Frankly, I’m agnostic about what the answer to this question might be, and find either one plausible. Or, it’s possible we should pay more attention to how unusual it is to have FSB and GRU digging in the same holes and think about whether it might, instead, tell us something else about who did this hack. But it is a datapoint that any theory of the hack should at least acknowledge and try to explain. Most don’t.

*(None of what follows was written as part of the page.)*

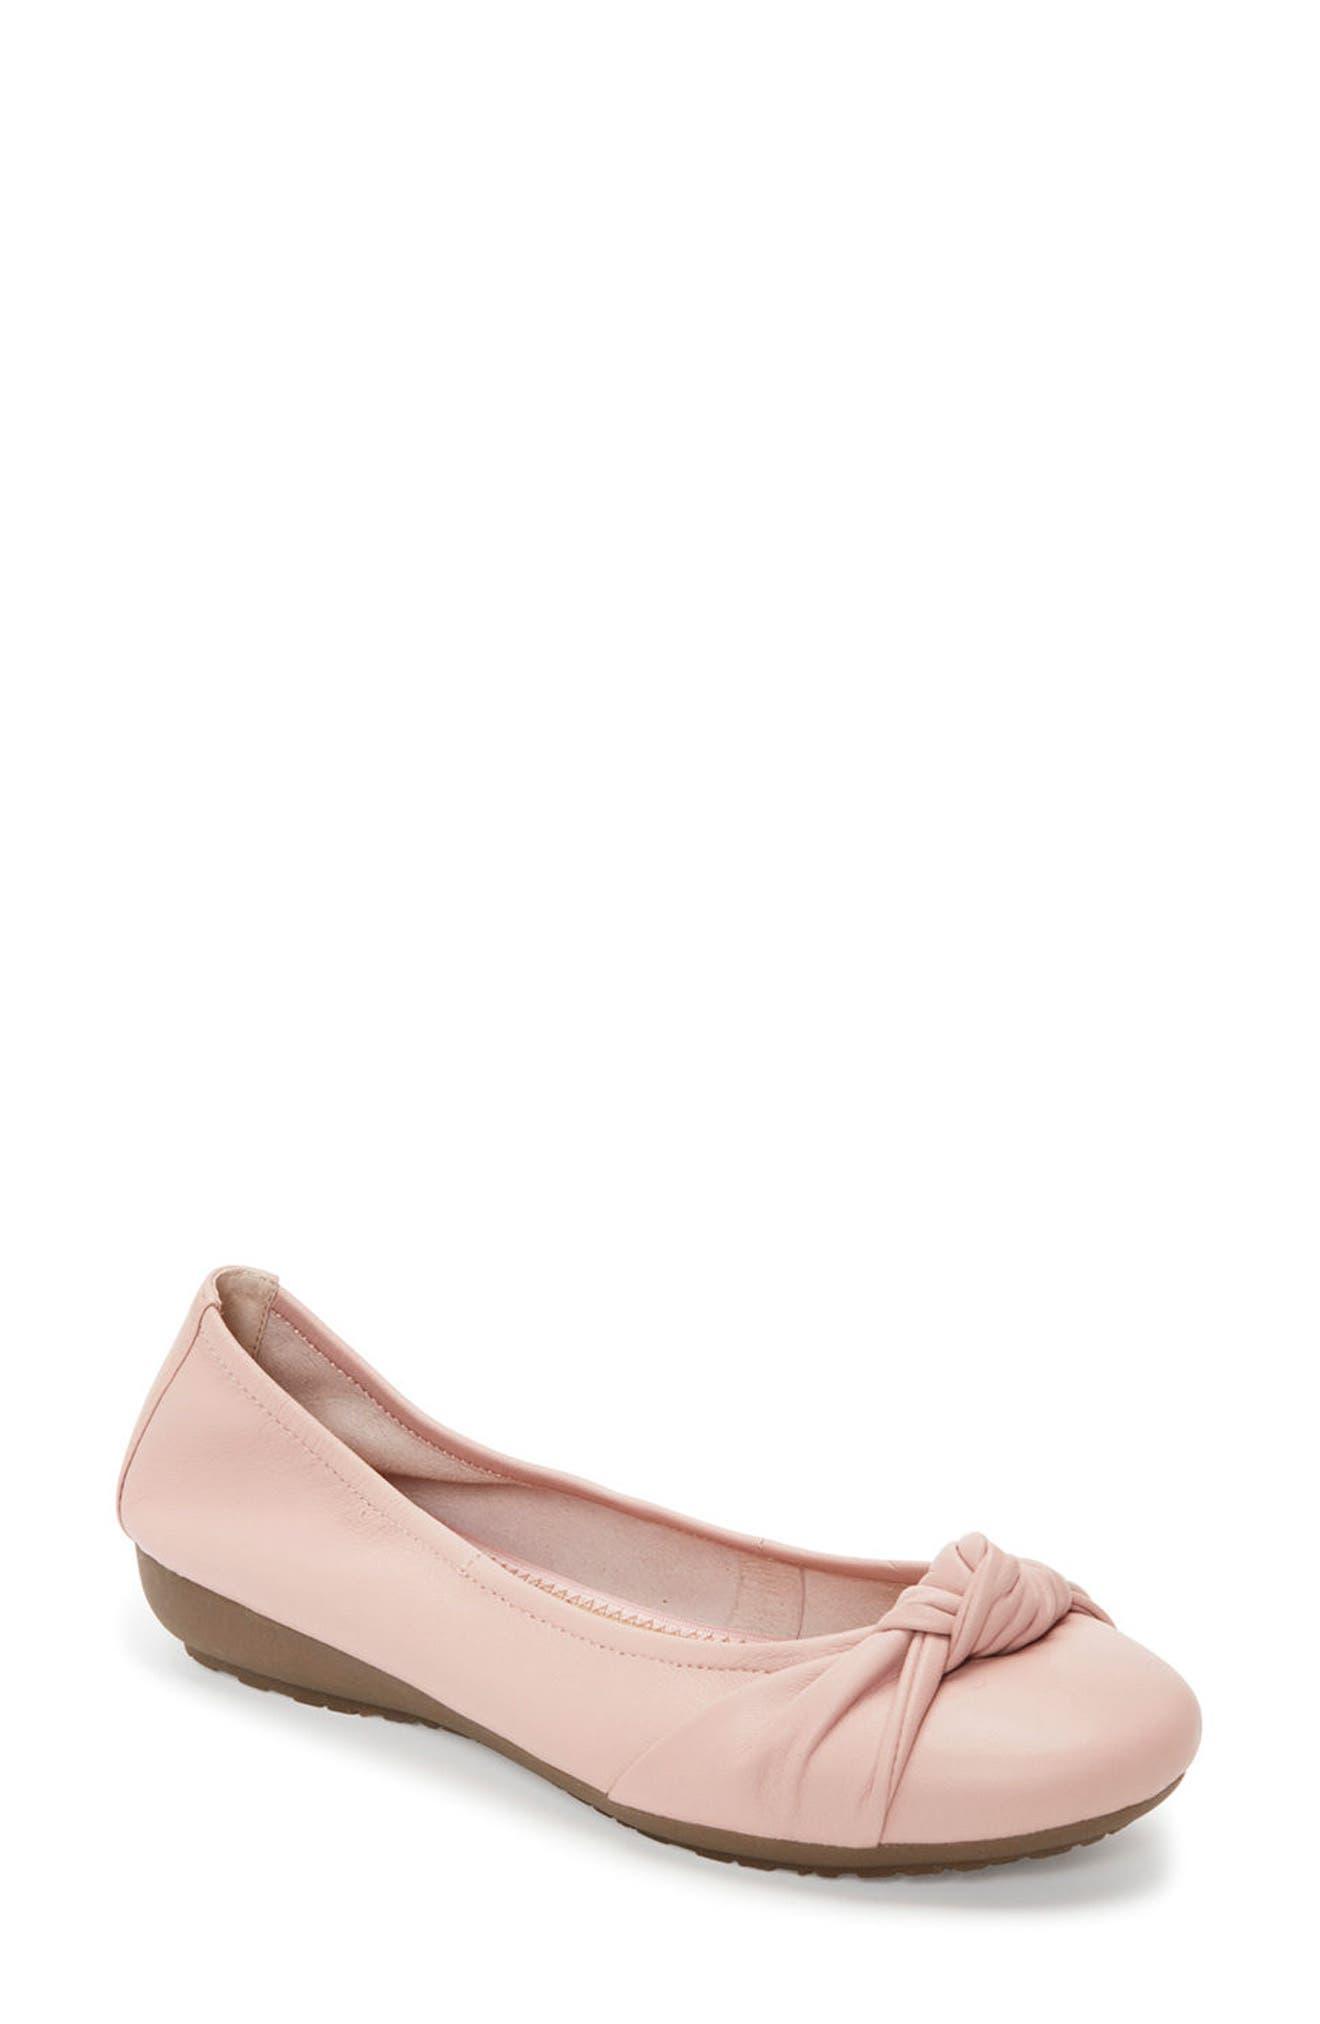 Jaci Flat,                             Main thumbnail 1, color,                             Pink Leather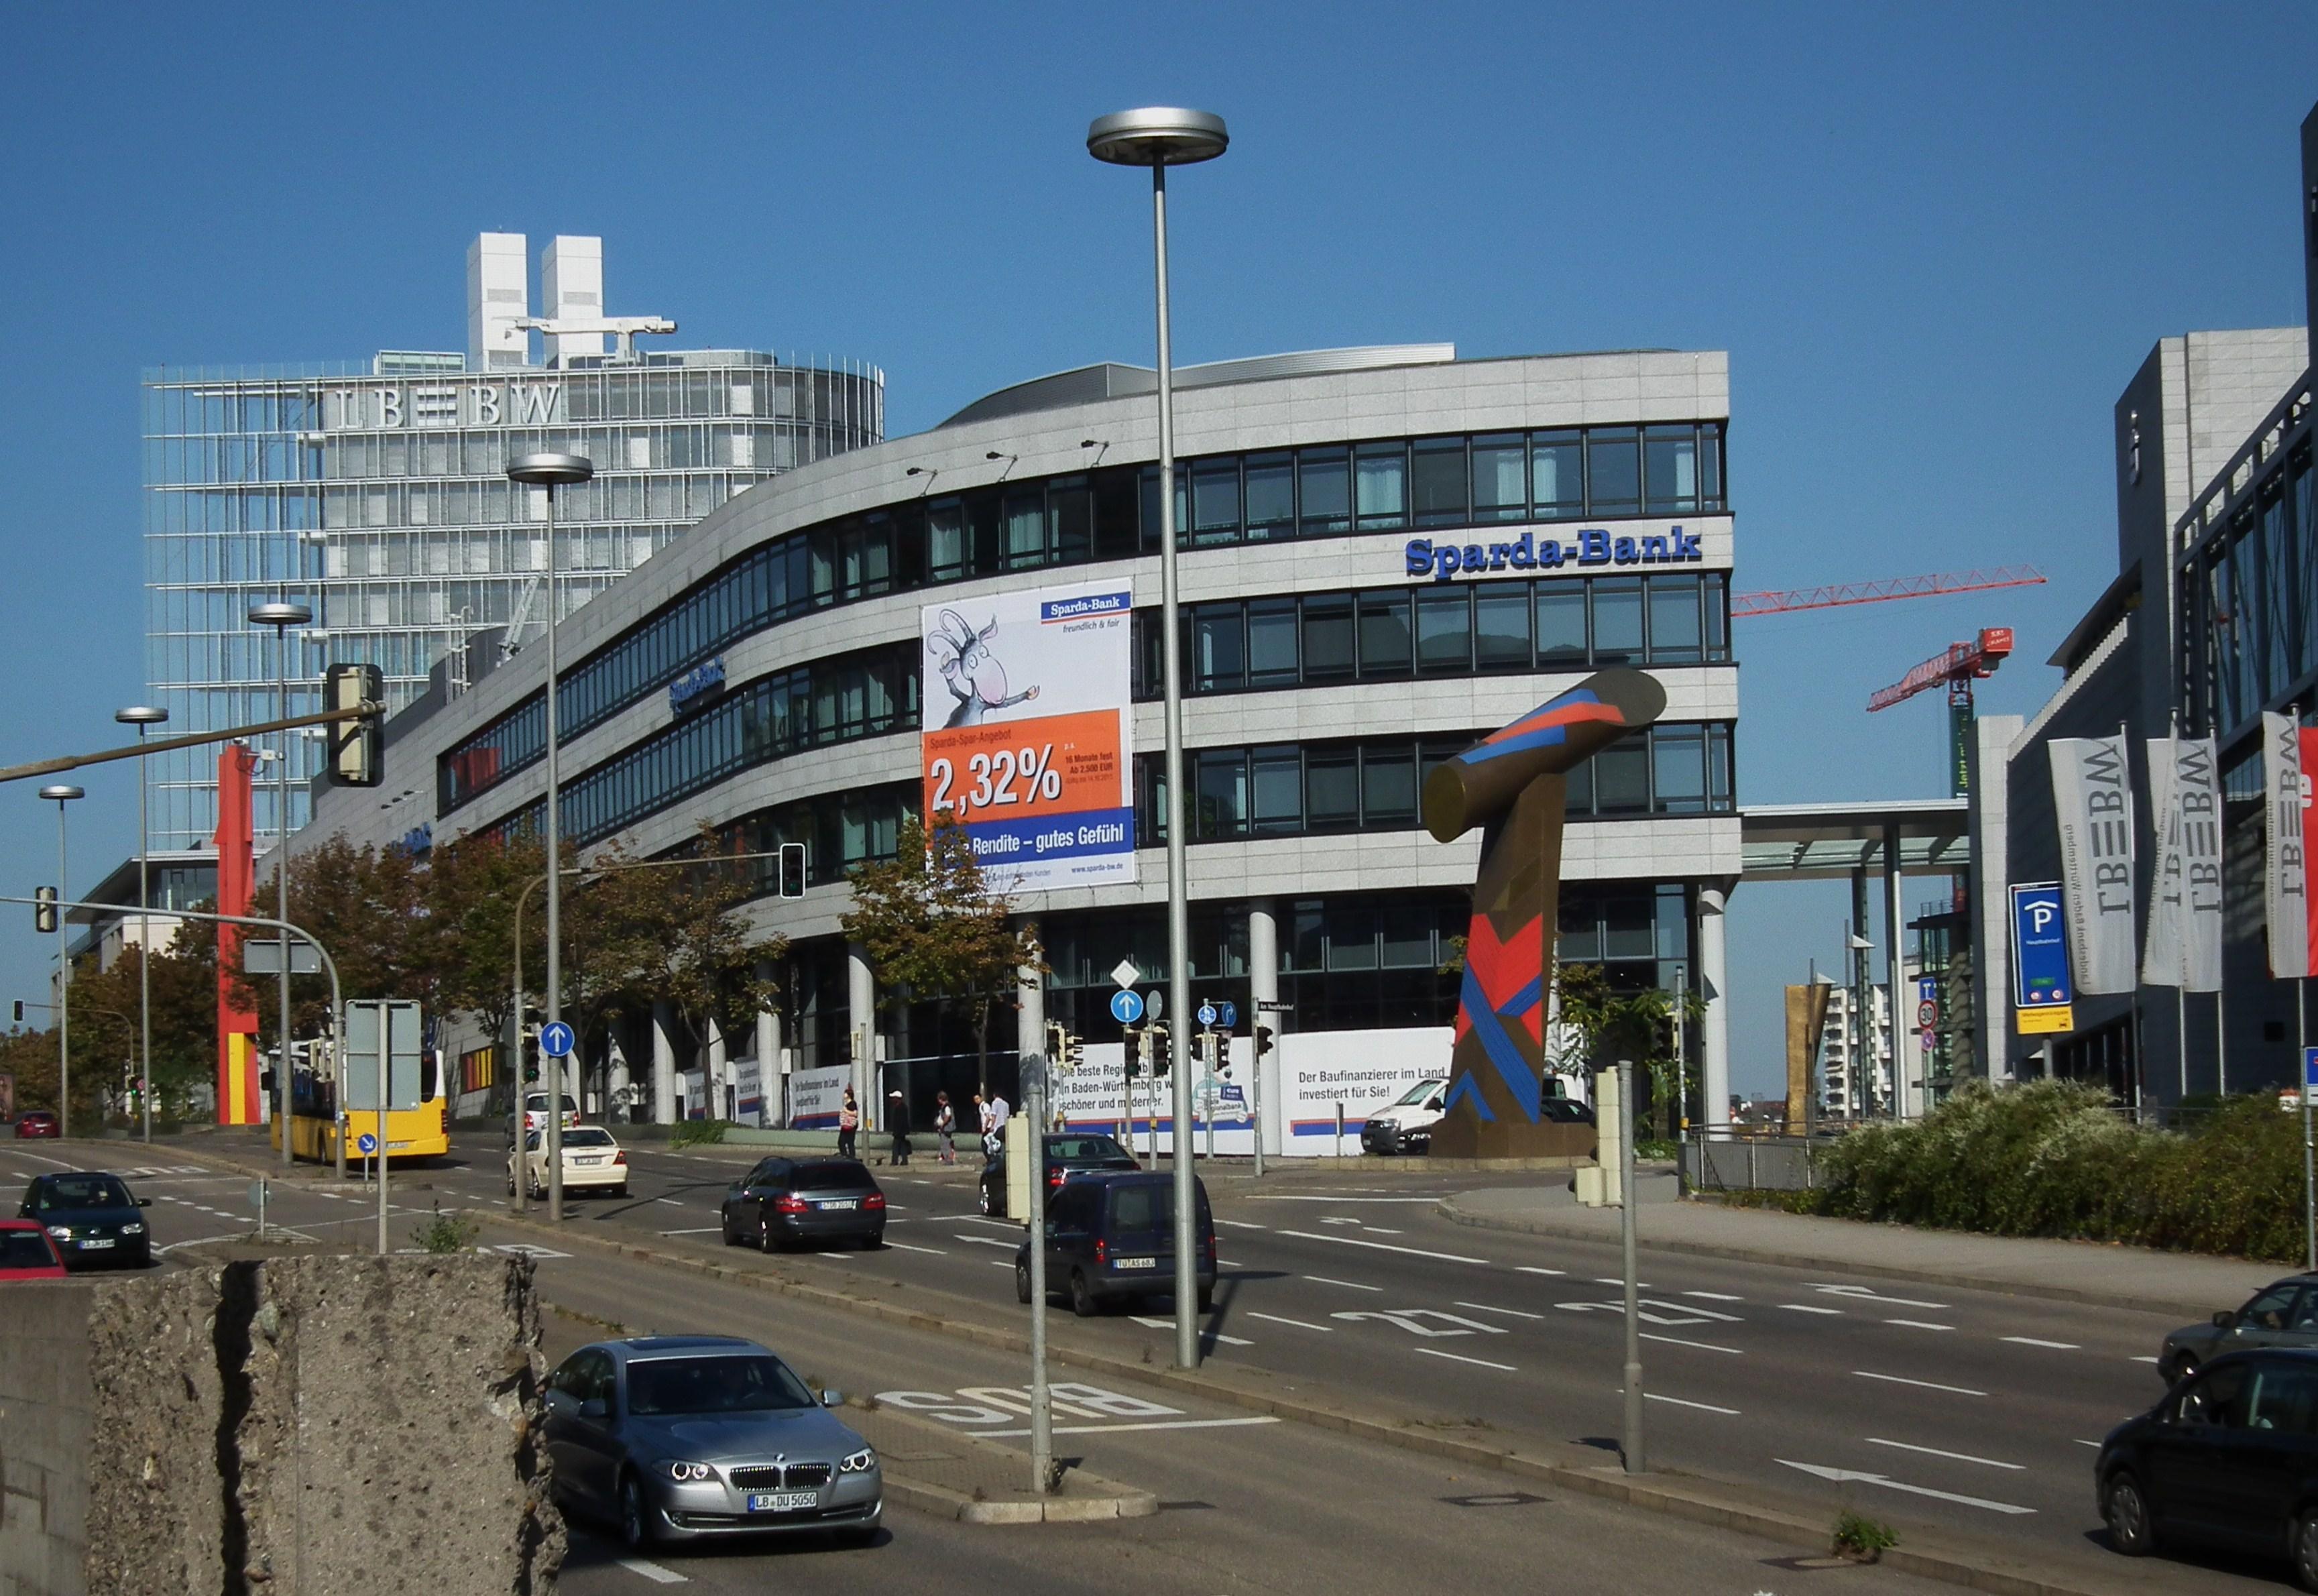 File:September 2011 Landesbank BW Und Sparda Bank

Why is GRU using open source tools?

All of which is my long-winded explanation for why I went back and re-read specifically what CrowdStrike said about APT 28 (at a time, we now know but didn’t then, CrowdStrike only had “medium” confidence that the APT 28 hackers of DNC were GRU). It made me realize why the stakes on the APT 28 tool X-Agent — which is not the only tool associated with APT 28 — are so high.

FANCY BEAR adversary used different tradecraft, deploying X-Agent malware with capabilities to do remote command execution, file transmission and keylogging. It was executed via rundll32 commands such as:

rundll32.exe “C:\Windows\twain_64.dll”

In addition, FANCY BEAR’s X-Tunnel network tunneling tool, which facilitates connections to NAT-ed environments, was used to also execute remote commands. Both tools were deployed via RemCOM, an open-source replacement for PsExec available from GitHub. They also engaged in a number of anti-forensic analysis measures, such as periodic event log clearing (via wevtutil cl System and wevtutil cl Security commands) and resetting timestamps of files.

So after a longer section describing APT 29’s tools (which we now know, but which was not known then, were the less important part of the hack), Crowdstrike describes APT 28’s use of X-Agent and X-Tunnel (the latter of which I may come back to), but then also explains that these hackers deployed the APT 28 tools via an open source tool available on GitHub.

I’m no tech wizard, but this detail seems to beg some explanation, as it is awfully curious to have GRU resorting to an outdated open source tool to hack an American political party.

None of this is definitive. None of it changes my inclination that Russia probably is behind the APT 28 hack of the DNC (and, even more convincingly, behind the hack of John Podesta). But these are some details that deserve more attention amid the claims that all the case against GRU (as distinct from Russia) is rock solid.